Google Maps is implementing functionality that uses anonymous crowdsourced location data to let users see estimated wait times at grocery stores, according to Thrillist. Google will roll the technology out before Thanksgiving. The tool for determining the wait at grocery stores is the second of two data-driven crowd size-gauging tools. The first, which launched Tuesday, allows users to determine what the average wait time will be for a table at a given restaurant.
Grocer strategies for limiting customer frustration with lines have taken many forms. Some have tried distraction, installing digital signage to make the time in line pass more quickly. Others, like Hy-Vee, have tried data-driven “traffic lights” that gauge the business of each line and signal each customer to the fastest checkout.
Then there’s Amazon.com, which planned to do away with the grocery line entirely with its automated Amazon Go concept. While some speculate that Amazon may fold the checkout-free functionality into Whole Foods, Amazon Go remains in its beta phase and its official launch has been delayed indefinitely due to technical challenges, according to The Motley Fool.
Amazon’s other big line-killer has also run into problems.
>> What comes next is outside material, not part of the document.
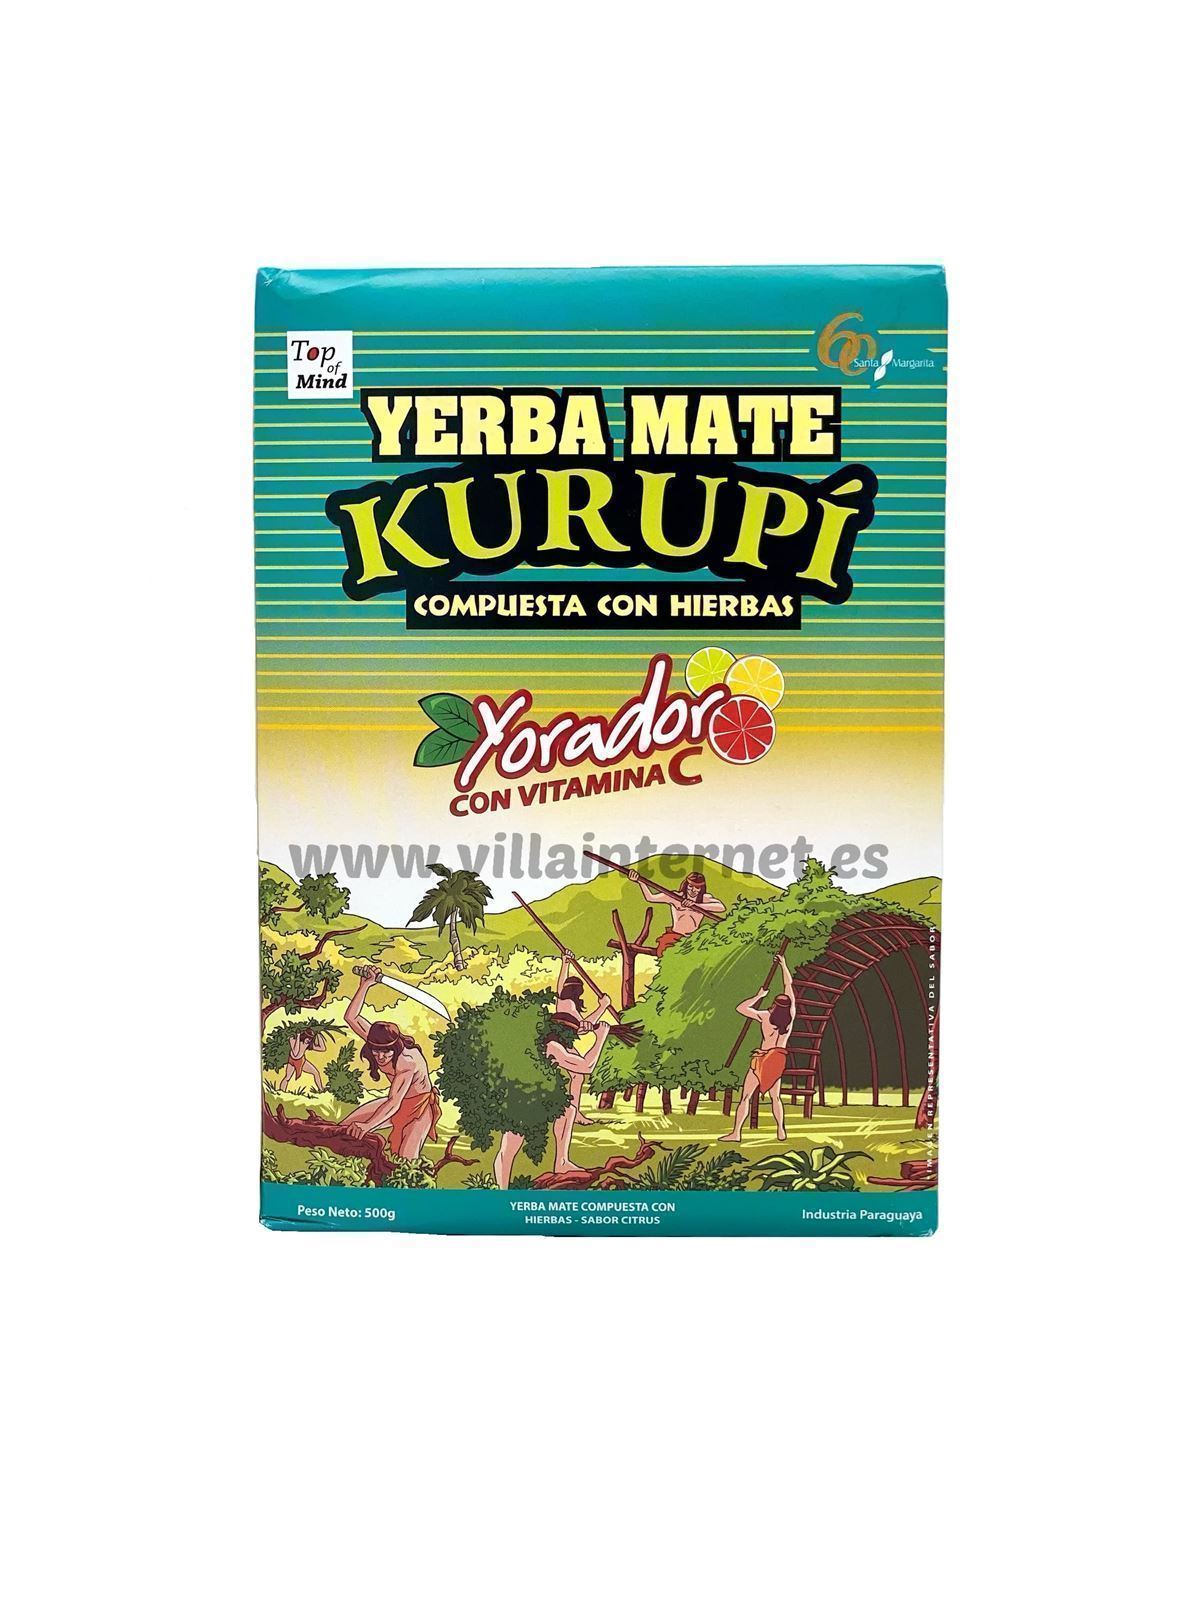 Yerba mate Kurupí yorador con vitamina C 500g - Imagen 1

As AmazonFresh’s recent exit from numerous ZIP codes seems to indicate, grocery delivery is a tough nut to crack at scale, and may require some big technological leaps to be feasible in many markets. So, long lines at store checkouts may remain a reality for some time to come.
Studies have indicated that wait times exceeding four minutes sometimes lead shoppers to avoid stores at certain times, leave a store or even, in rare cases, stop visiting a store altogether.
The Google Maps feature may serve as an aid to grocers by instructing shoppers to avoid peak shopping times. However, the service may also serve to direct shoppers to competitors where waits are shorter.